Background Lactic acid produced by tumors has been shown to overcome immune surveillance, by suppressing the activation and function of T cells in the tumor microenvironment. The strategies employed to impair tumor cell glycolysis could improve immunosurveillance and tumor growth regulation. Dichloroacetate (DCA) limits the tumor-derived lactic acid by altering the cancer cell metabolism. In this study, the effects of lactic acid on the activation and function of T cells, were analyzed by assessing T cell proliferation, cytokine production and the cellular redox state of T cells. We examined the redox system in T cells by analyzing the intracellular level of reactive oxygen species (ROS), superoxide and glutathione and gene expression of some proteins that have a role in the redox system.
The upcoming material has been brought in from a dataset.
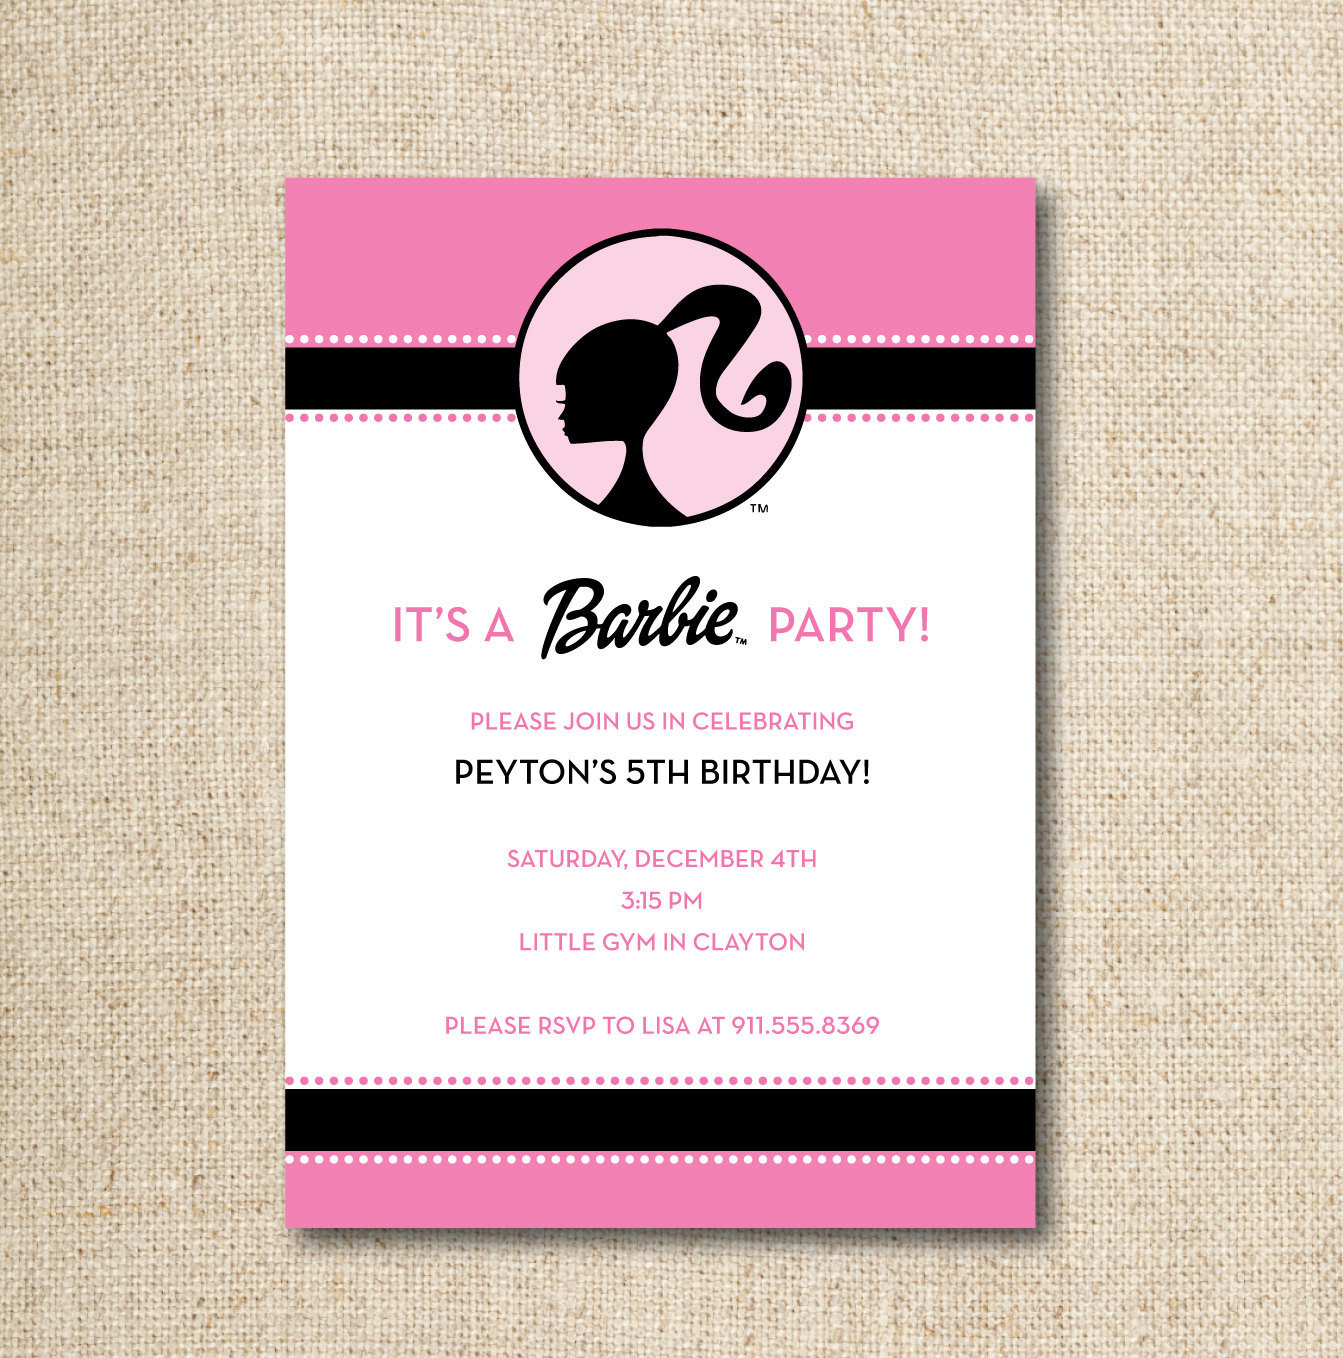 Barbie Birthday Invitations
 Unavailable Listing on Etsy

Then we co-cultured DCA-treated tumor cells with T cells to examine the effect of reduced tumor-derived lactic acid on proliferative response, cytokine secretion and viability of T cells. Result We found that lactic acid could dampen T cell function through suppression of T cell proliferation and cytokine production as well as restrain the redox system of T cells by decreasing the production of oxidant and antioxidant molecules. DCA decreased the concentration of tumor lactic acid by manipulating glucose metabolism in tumor cells. This led to increases in T cell proliferation and cytokine production and also rescued the T cells from apoptosis. Conclusion Taken together, our results suggest accumulation of lactic acid in the tumor microenvironment restricts T cell responses and could prevent the success of T cell therapy. DCA supports anti-tumor responses of T cells by metabolic reprogramming of tumor cells.